If you were successful, the manager will ask follow up questions. If you went too long, you’ll know it in the interviewer’s demeanor that they lost interest.

Being able to map your experience on the job description is key to landing an internship (and, in fact, any job on the planet). Hiring managers don’t have unreasonable expectations towards internship applicants — if you interview for Apple, they won’t expect you to be the next Steve Jobs. They simply want to establish that you will do your job well.

Which bring us to the third critical aspect in the process of getting the perfect internship.

3. Be the person the manager would love to have a beer with (aka manager psychology revealed)

I know this is tough (it was for me at least when I graduated college!). You can be the most qualified person in the room and still not get the job.

Certainly, managers are screening you to see if you’d be able to do the job well but they’re also looking to determine if you’d be a good fit for the company you’re about to join.

Whether you know it or not, a lot of the behavioral questions attempt to establish your fitness with the established office culture. Often times, that weighs more heavily than your actual skills.

I would hire a candidate that has some of the necessary skills (but not all) who is nice, receptive to feedback and promises to be hardworking over someone who has all the skills but comes off as too aggressive, defensive or inflexible. Put differently, I will cut more slack to the malleable, diligent, humble, eager to learn student than to the applicant that shows even the slightest tendency to not be a fit for my culture from a personality point of view — regardless of their skills and experience.
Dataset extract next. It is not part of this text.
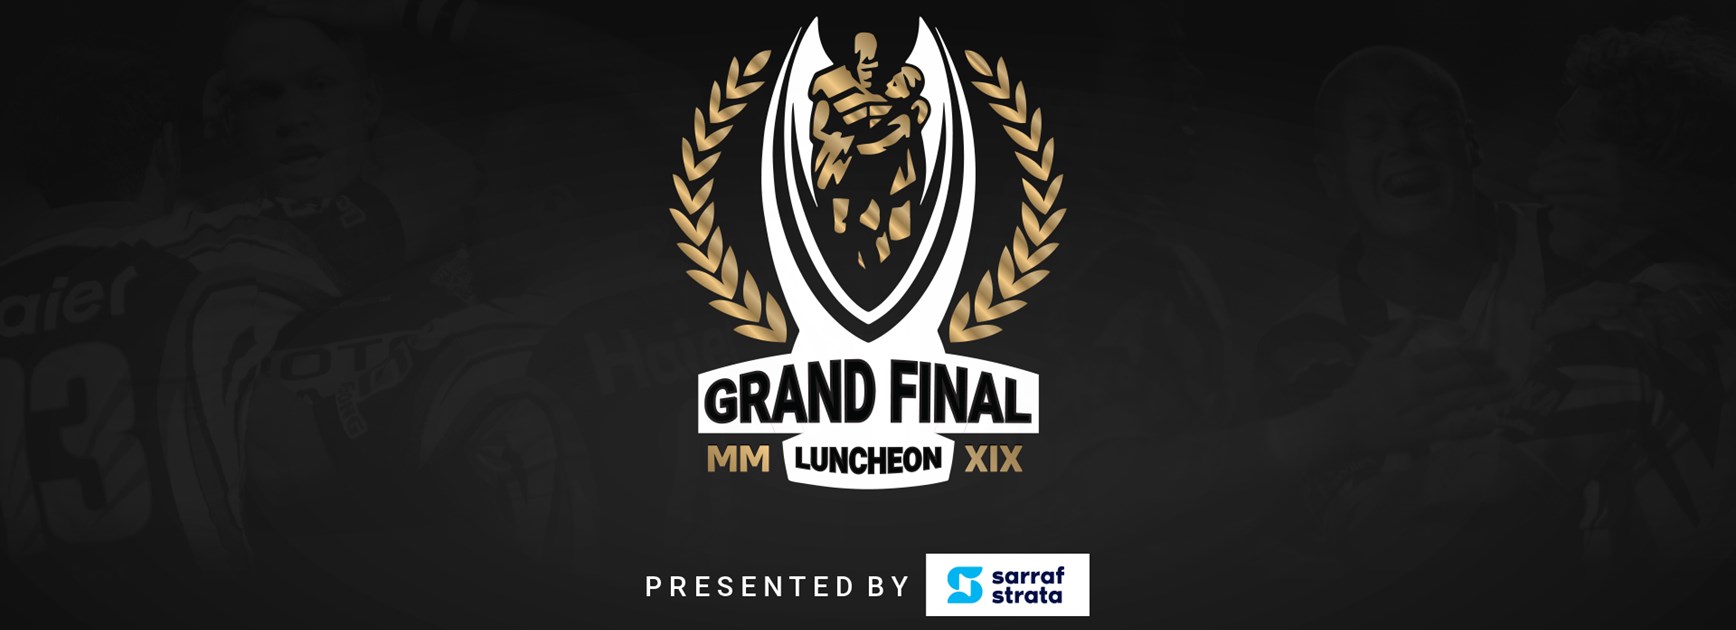 Grand Final Luncheon tickets on sale now!

At the end of the day, managers don’t control a lot of the work load and job demands they need to deal with on a daily basis. A last minute assignment is sent down from upper management and your boss will likely ask you to contribute in one way or another.

The question I ask myself all the time is: when (not if!) sh!t hits the fan, will the intern work late and be in early next day if need be, or will he or she clock out at 5 pm and not come in early enough because of a rough drinking night?

I’m more likely to get a positive answer to the question above if you come off as someone friendly who I would love to have a beer with after a long day at work.

You may be think this is trivial. But ultimately it’s the very simple manager psychology you need to appeal to.

People looking to hire an intern hope to get someone who is hardworking, friendly and willing to step in when they’re an emergency.

That’s why the internship application process is all about the following three critical steps:

a) Step 1: show me your previous experience matches my needs, as a manager (resume)
b) Step 2: prove to me that you’re a great fit by giving me a great elevator pitch and “short and to the point” answers to my questions.
c) Step 3: Convince me that I would love to have a beer with you after work. Aka: don’t be a jerk and convince me you are flexible, hardworking and nice.

If you get to nail down these three strategies in your internship application, you will be closer to an internship than 99.99% of all the intern candidates I have ever interviewed. And I would hire you on my team. Probably on the spot!